# Dataset excerpt
=====
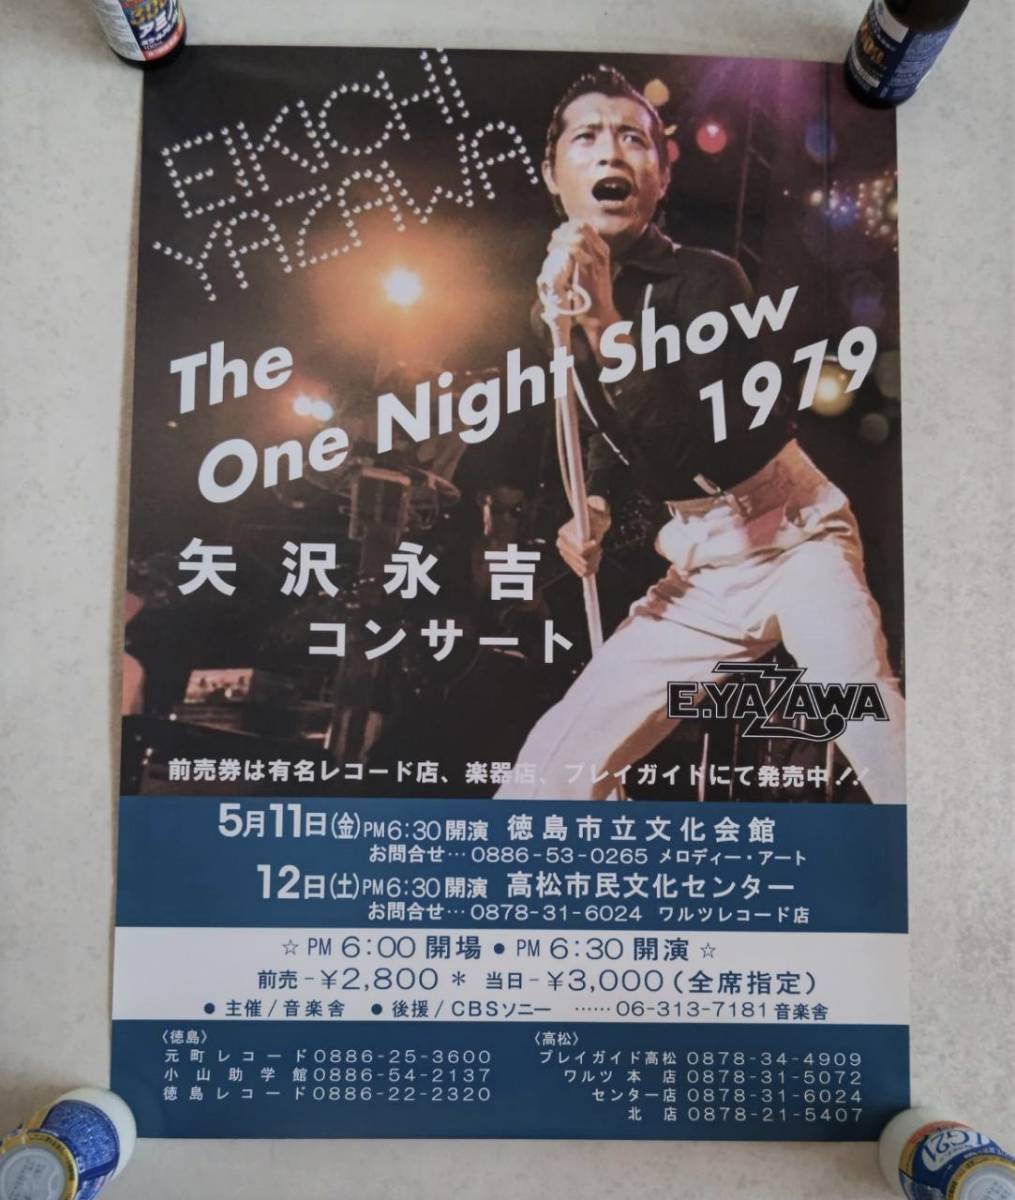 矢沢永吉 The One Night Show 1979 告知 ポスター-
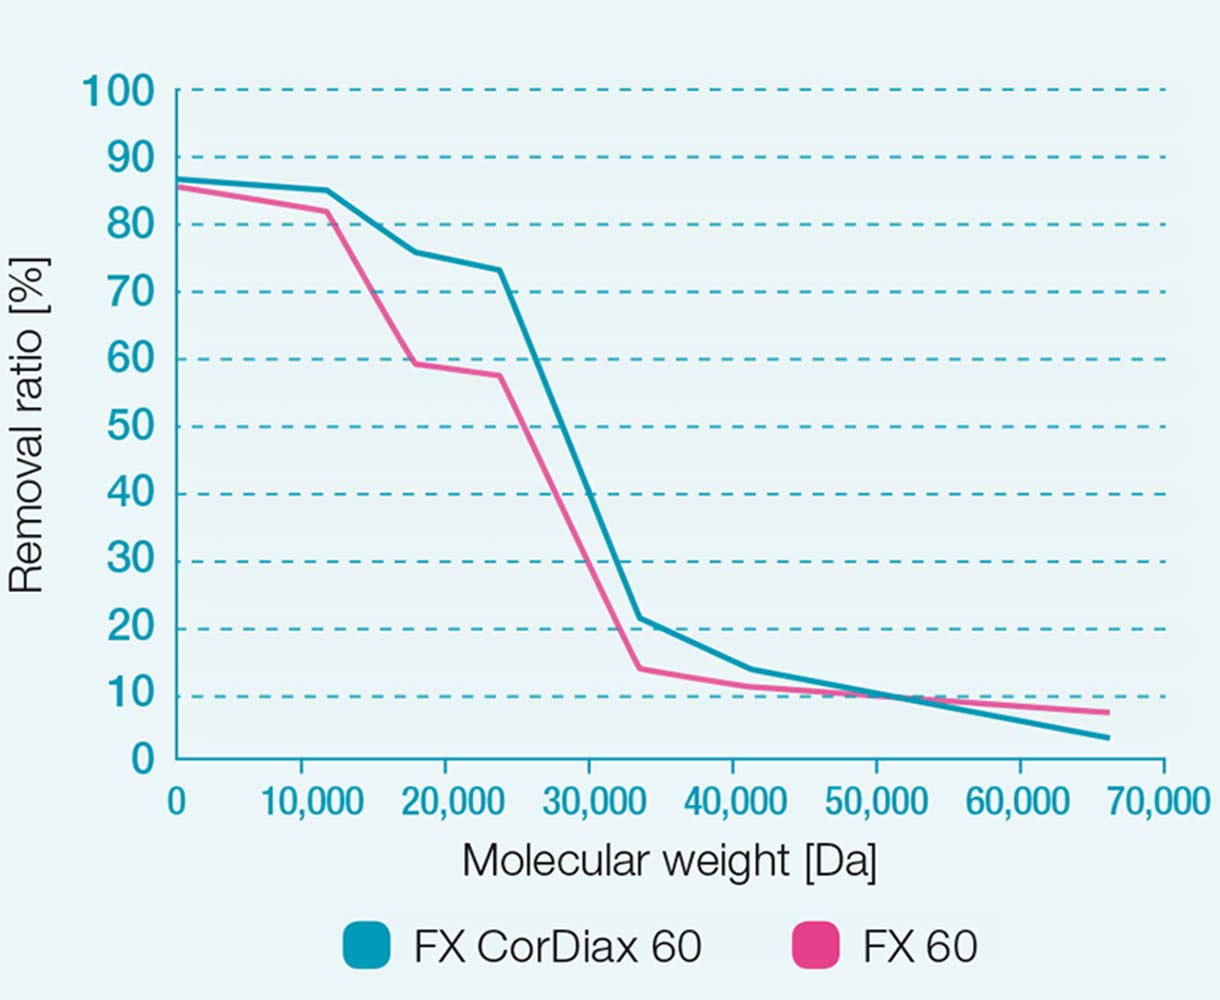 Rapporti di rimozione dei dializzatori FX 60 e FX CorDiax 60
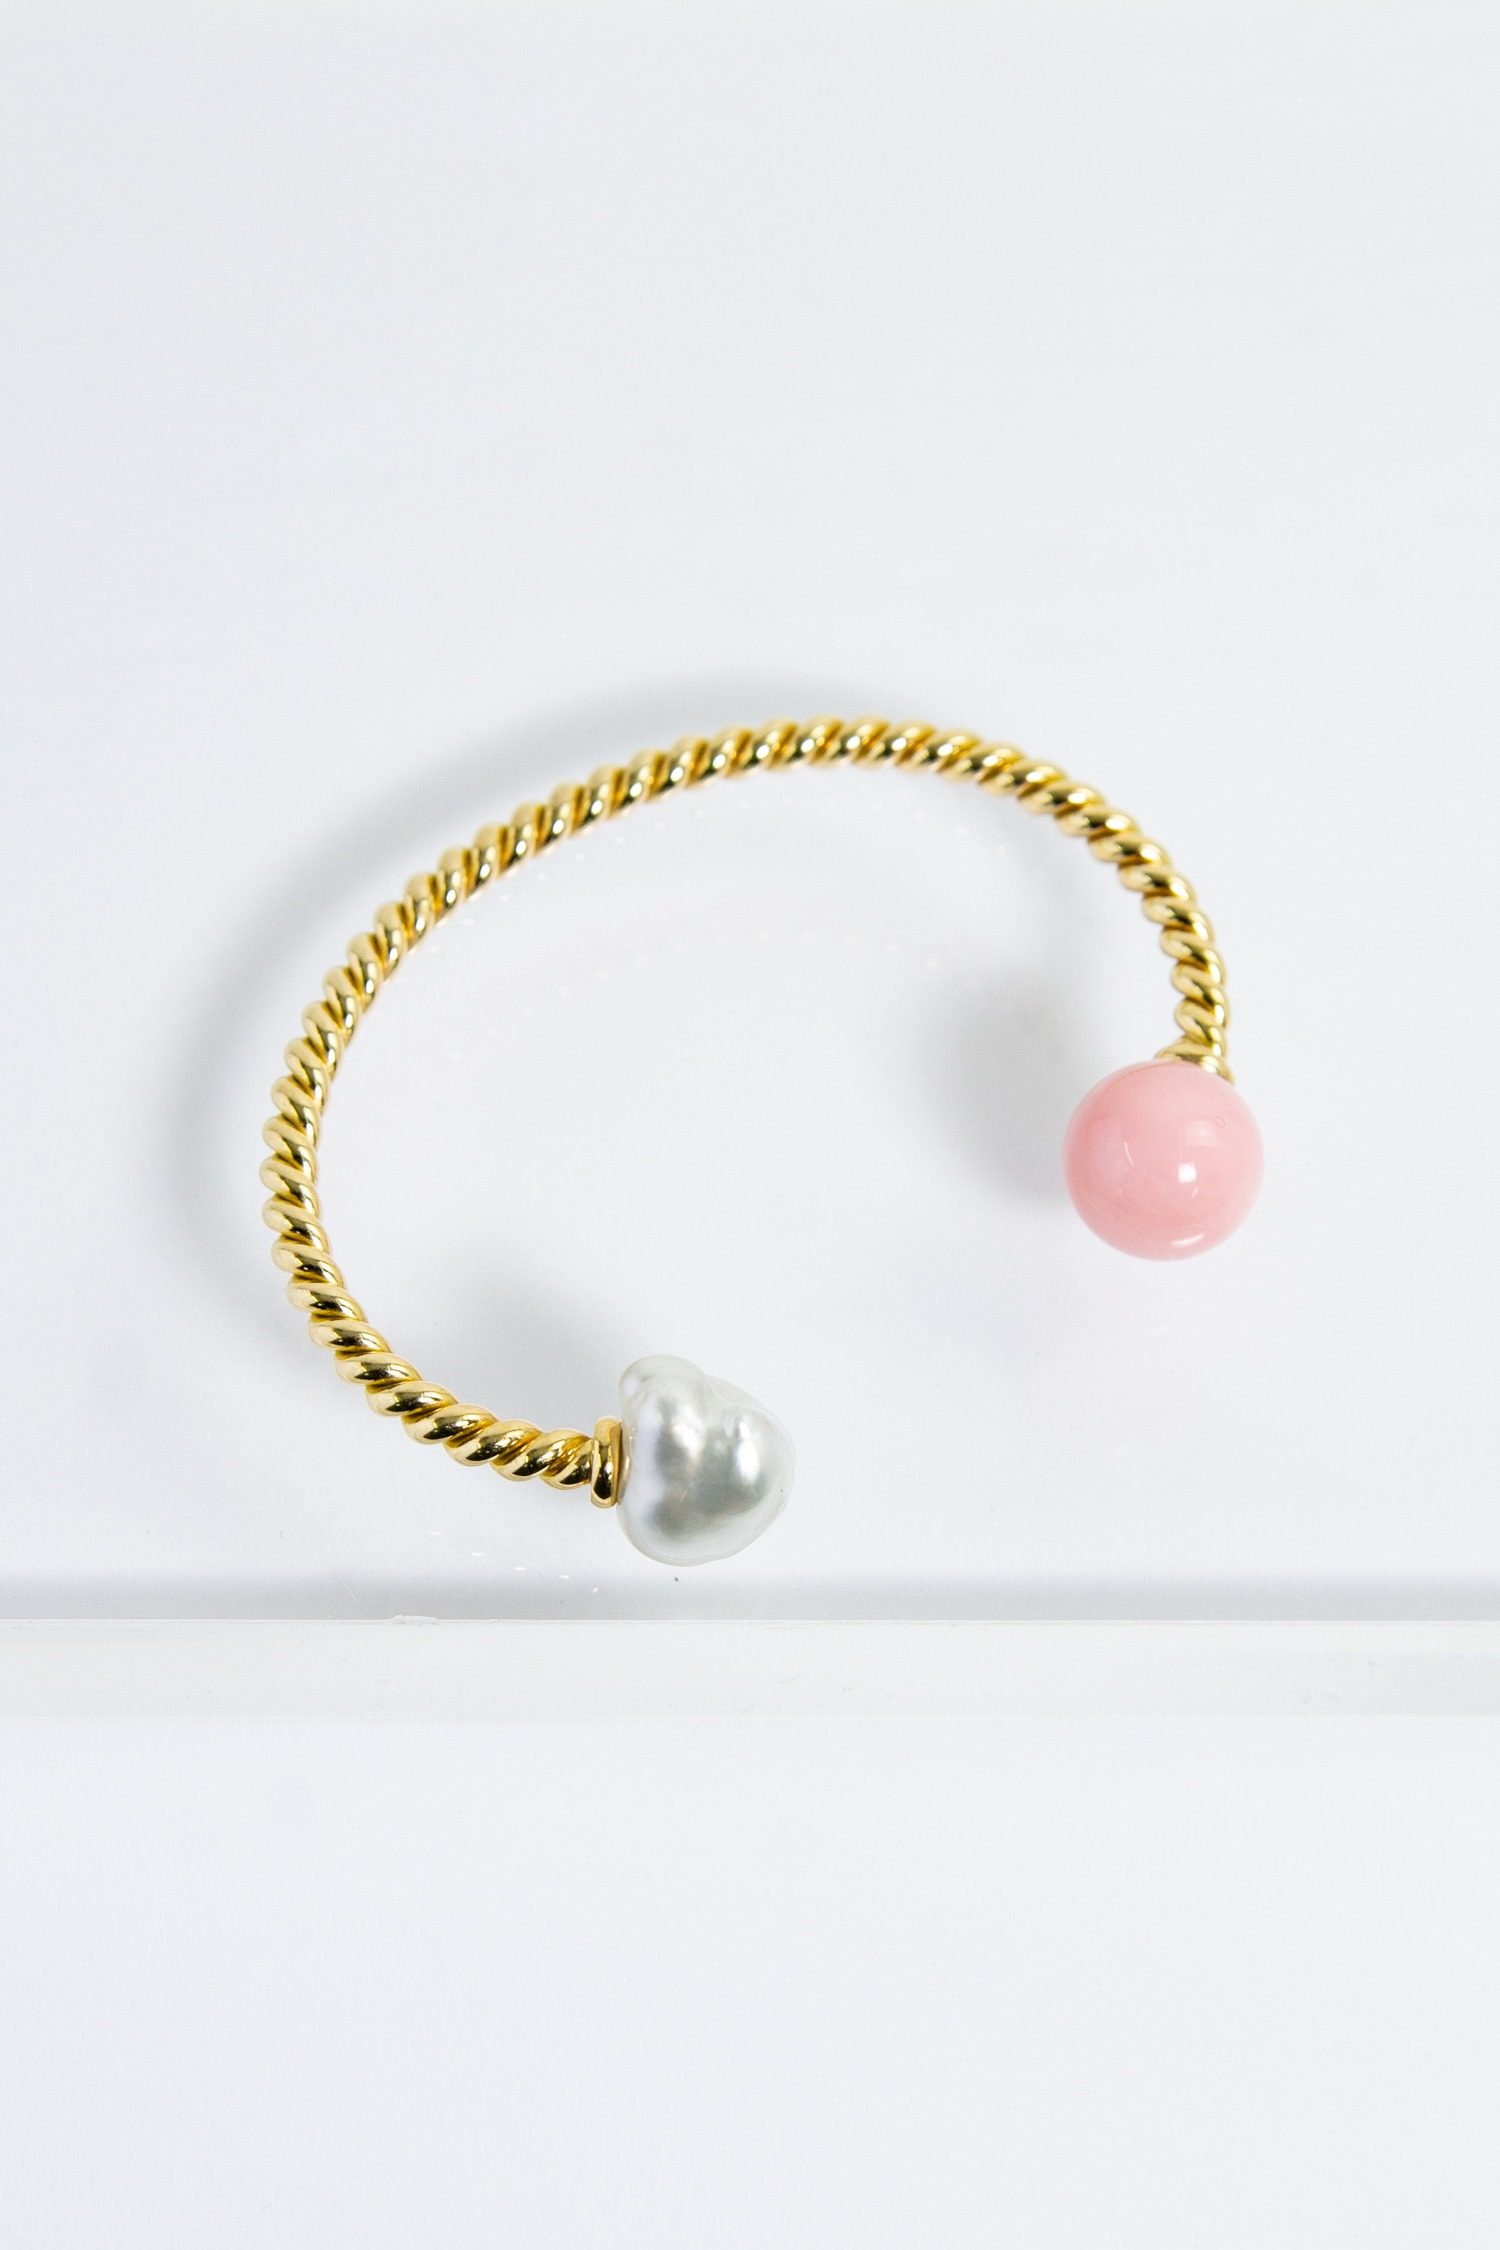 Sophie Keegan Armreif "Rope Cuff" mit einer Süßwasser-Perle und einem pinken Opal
=====
Starting at the line that contains "Rapporti di rimozione", write out exactly each line through the last one in the listing above, leaving out the pictures and adding nothing else.

 Rapporti di rimozione dei dializzatori FX 60 e FX CorDiax 60
 Sophie Keegan Armreif "Rope Cuff" mit einer Süßwasser-Perle und einem pinken Opal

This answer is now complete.